His imperialist outlook meant that he simply viewed the empire as the source of an endless stream of riches, without realising that those riches came at a cost, not just for the empire’s subjects but, increasingly after the Great War, also in terms of maintaining their submission. He simply could not conceive of the Treasury in London as being other than a bottomless source of funding for the Specials; that blindness meant that his plans for the Specials were conceived in a fiscal fantasy completely divorced from reality.

His repeated proposals to re-occupy parts of the south signalled someone who refused to accept that the British Government had actually signed the Treaty and intended to uphold it.

He showed an absolute lack of political nous: not alone did he fail to develop alliances with key individuals like Bates, Spender, Wickham and Gelston, he soon alienated them, turning them into opponents. His disparaging tittle-tattling to Craig about Bates and the two policemen must also have reached their ears – Spender would have seen to that.

This meant that Solly-Flood’s only allies were his own staff, which left him overly reliant on and overly protective of the deservedly underappreciated CID, which employed criminals to produce lurid but laughably inaccurate “intelligence.” Although he came to realise that he was at risk of becoming the little boy who cried wolf, he did not change his approach, further undermining his own diminishing credibility.

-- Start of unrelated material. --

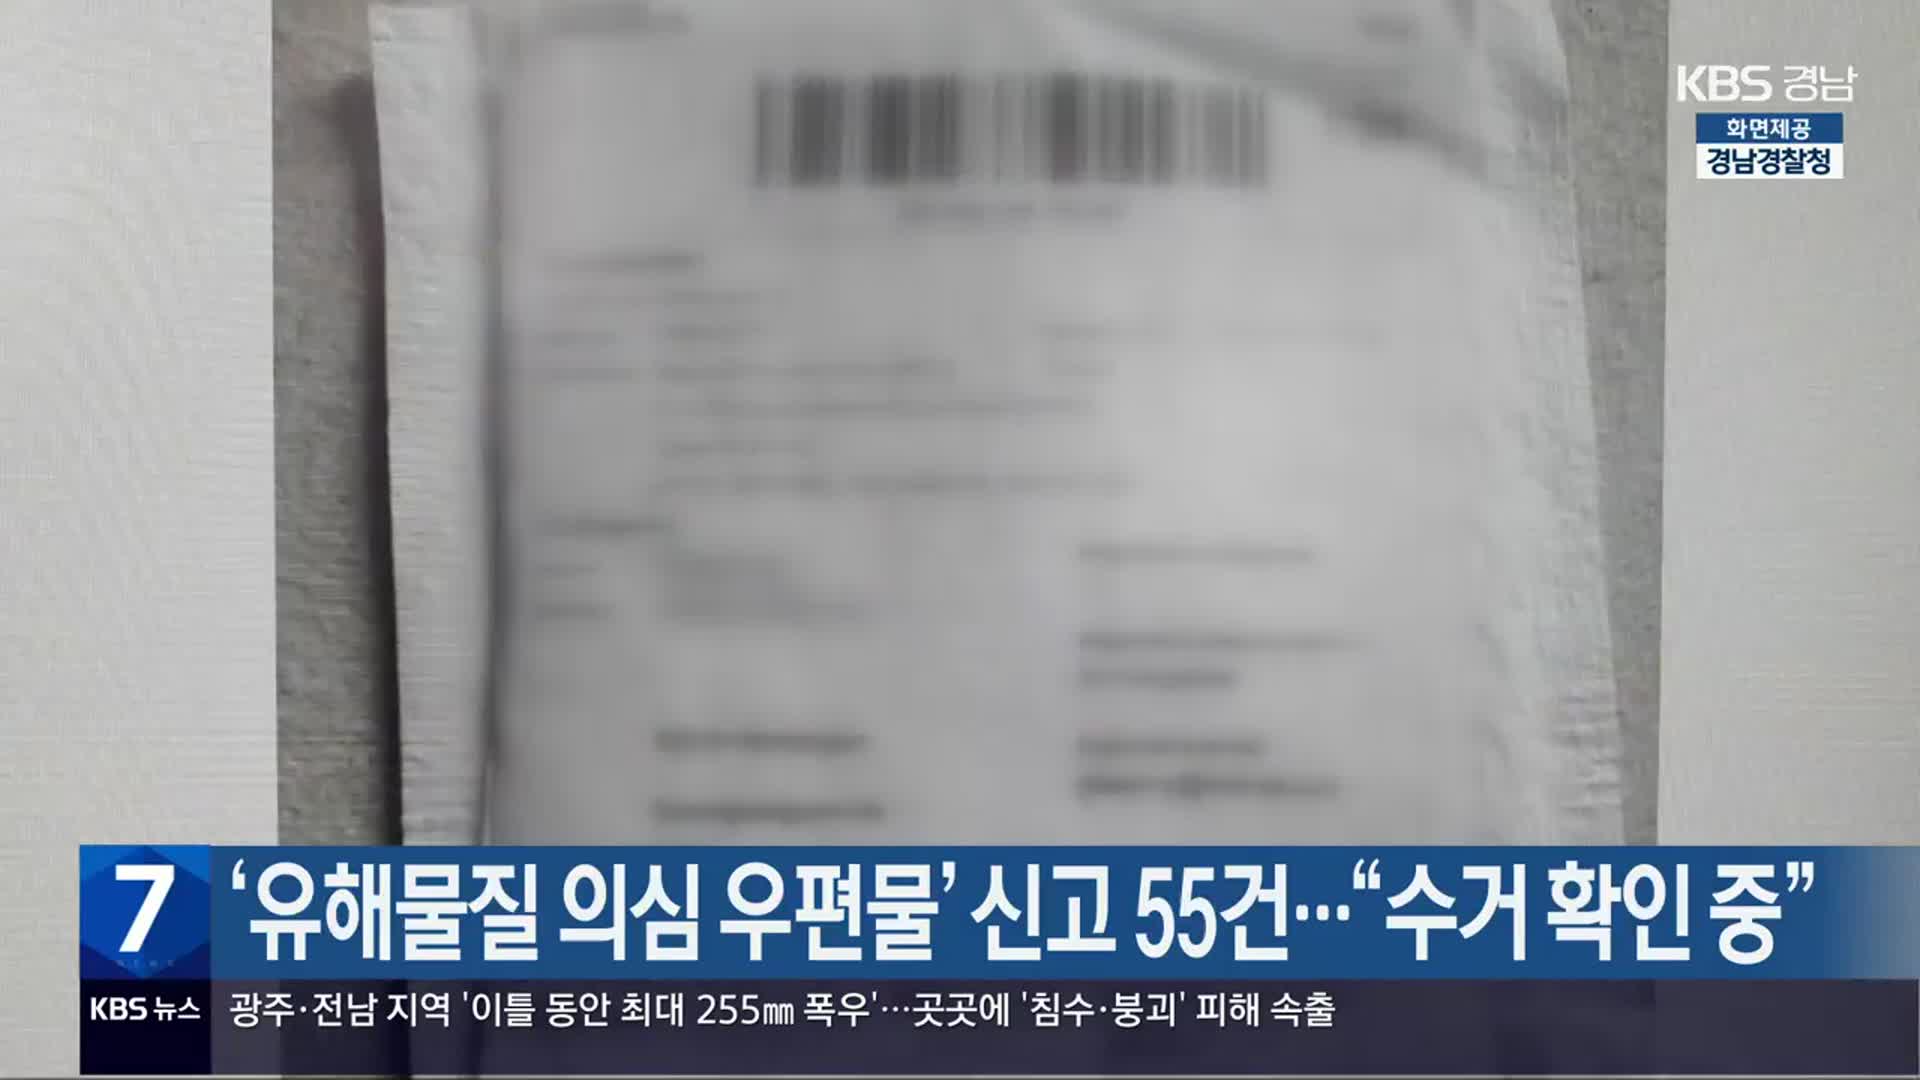 ‘유해물질 의심 우편물’ 신고 경남 55건…“수거 확인 중”

His irritation at legal constraints was noted by Spender, but Solly-Flood had little regard for human rights in general, as evidenced by his calls for the introduction of death sentences with no right of appeal and the rounding up of nationalists into urban and rural concentration camps.

He had a similar disregard for local sensibilities, although at least he was even-handed in that respect, whether this involved putting a radio mast on a Catholic church or re-routing Orange parades on the Twelfth.

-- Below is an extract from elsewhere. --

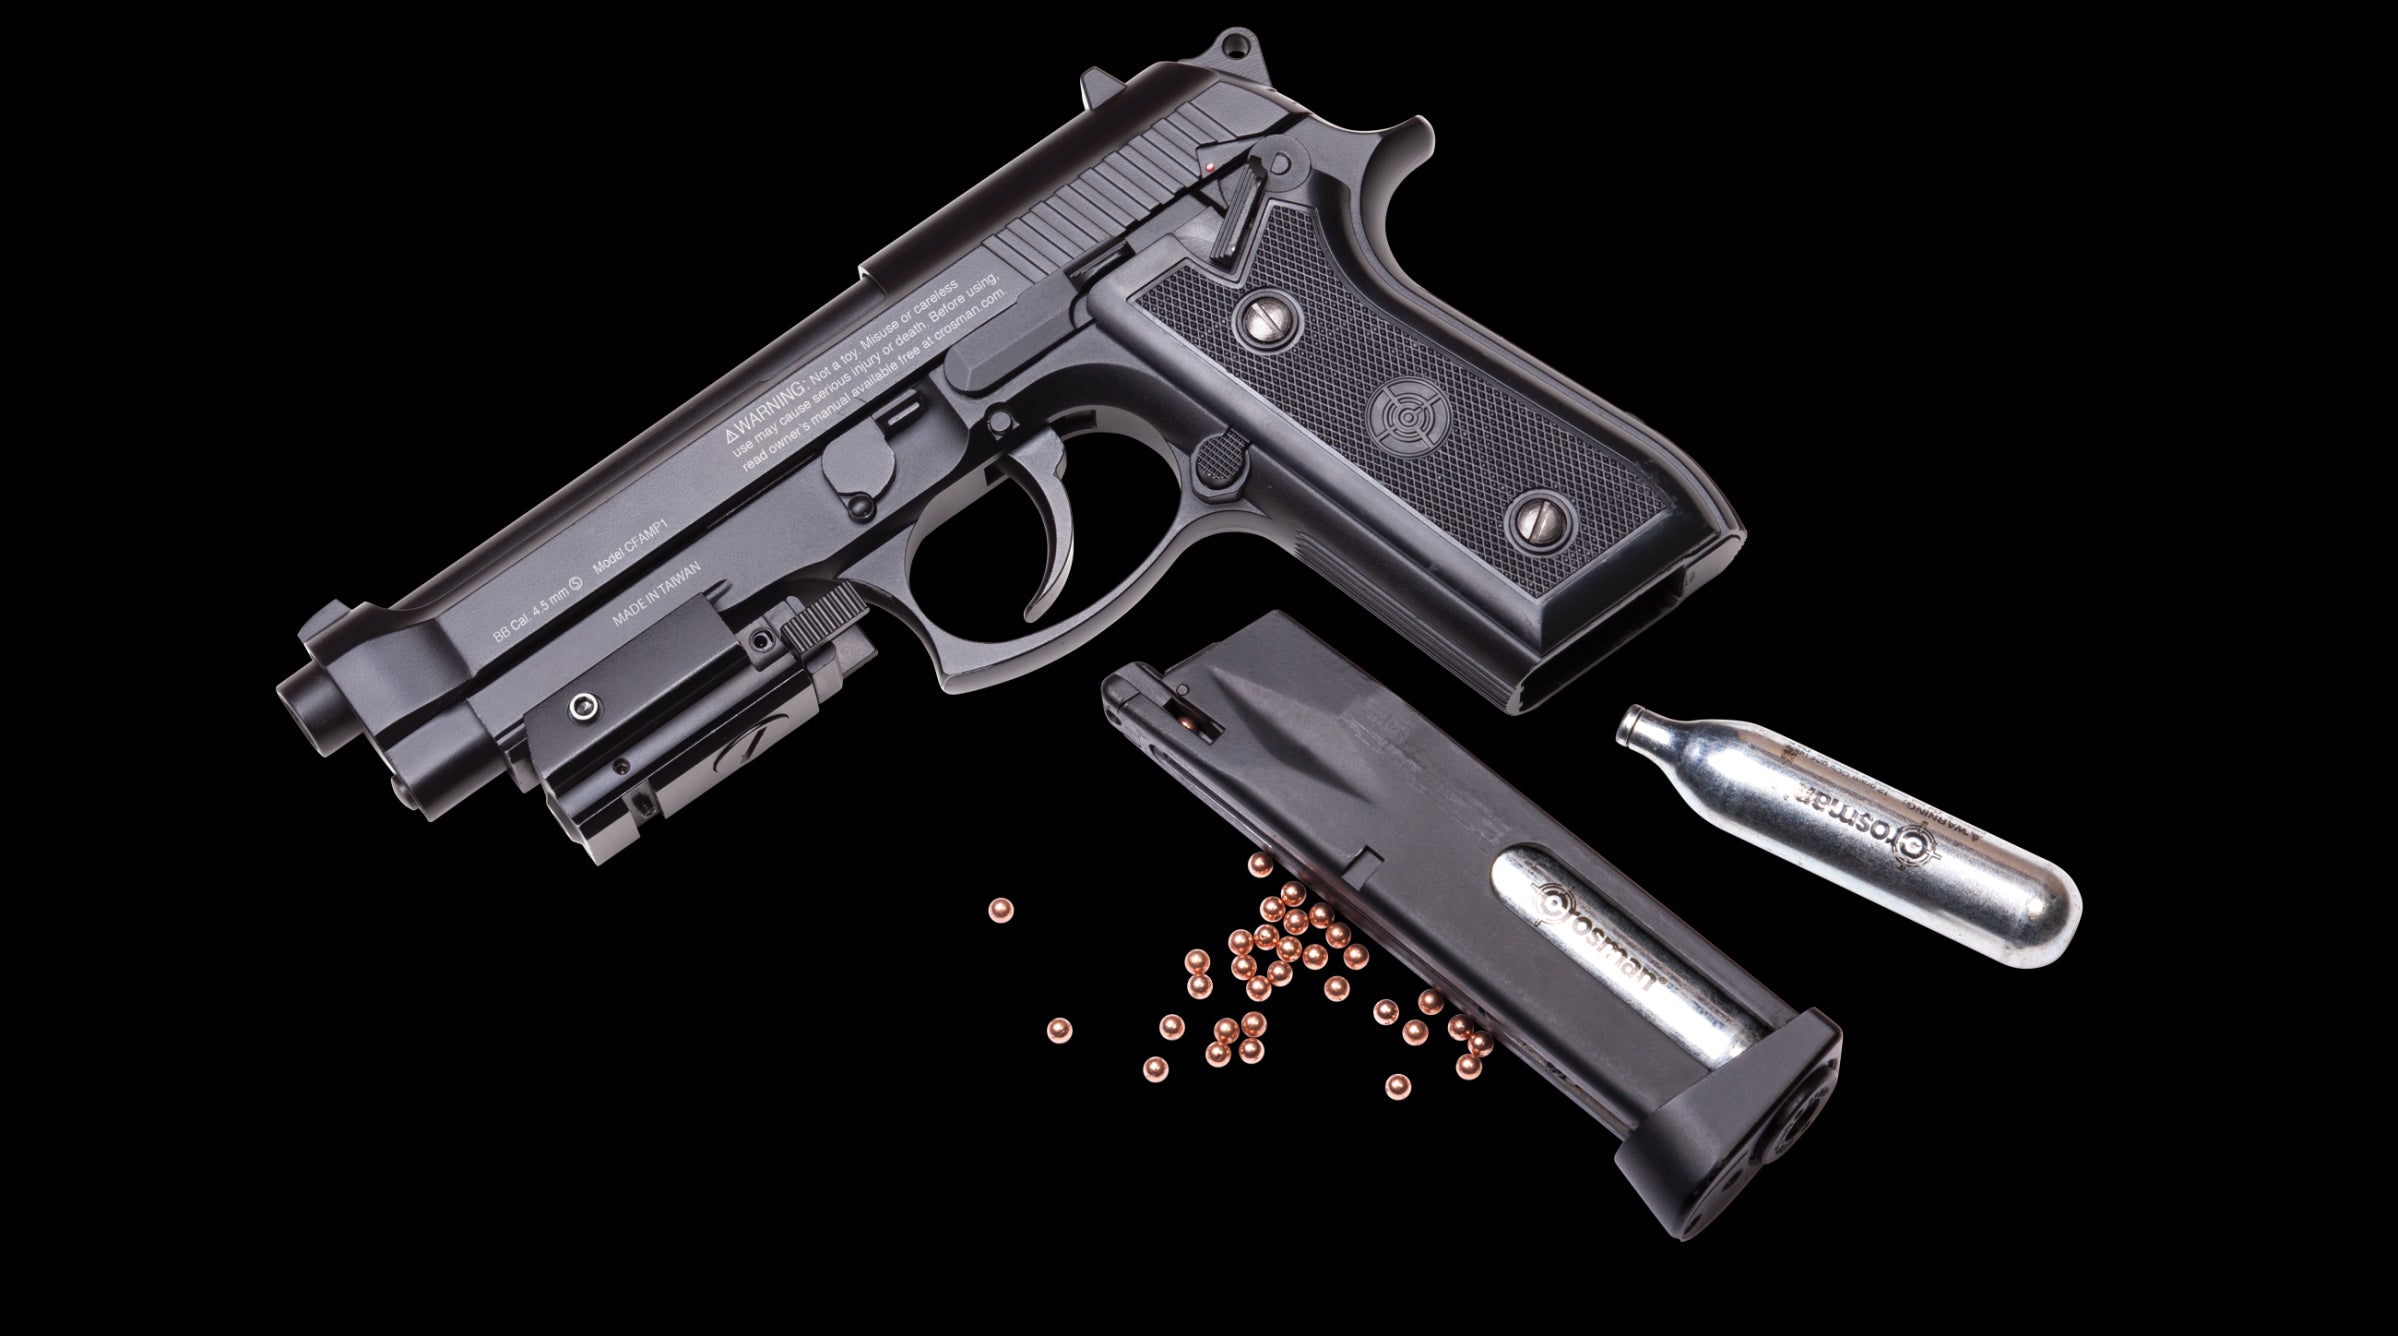 Pistola de aire Crosman P1 Automática Blowback Mira Laser 400fps

More critically, he had no understanding of unionist sensibilities around the Specials. Craig and his ministers were constantly alert to any prospect of a rift developing between themselves and their working-class supporters; therefore, the Specials provided not only security for Northern Ireland but also stability for the Unionist Party’s political base. For Solly-Flood to propose the abolition of the B Specials, the one class of the USC that Craig absolutely wanted to keep, was an act of utter folly.

The rejection of that proposal belatedly brought him to the single moment of accurate perception in his whole tenure as Military Adviser: that the Unionist government had progressed through 1922 by moving from a fear of “Sinn Fein,” to a fear of the Imperial Government, to a fear of “their own people.”

The title of this blog posts asks a rhetorical question: did the IRA shoot the wrong Military Adviser? In relation to Field Marshall Henry Wilson, the answer is “Yes” – he only held the role for a few weeks and had stepped down months before they killed him.

In relation to Solly-Flood, the IRA targeting him would have made no difference as he himself made no difference. In the eight months for which he held the role, every time he suggested anything to the Unionist government, the RUC or the British Army, they either ignored his advice or told him to mind his own business.

In Greek mythology, the curse placed on Cassandra was that she could accurately predict the future but that no-one would believe her. Solly-Flood’s curse – clearly a grave hindrance to any Military Adviser – was that he had no clue about the future and eventually, no-one would even listen to him any more.

Still, there was one possible consolation for him: presumably, the orgies had been enjoyable.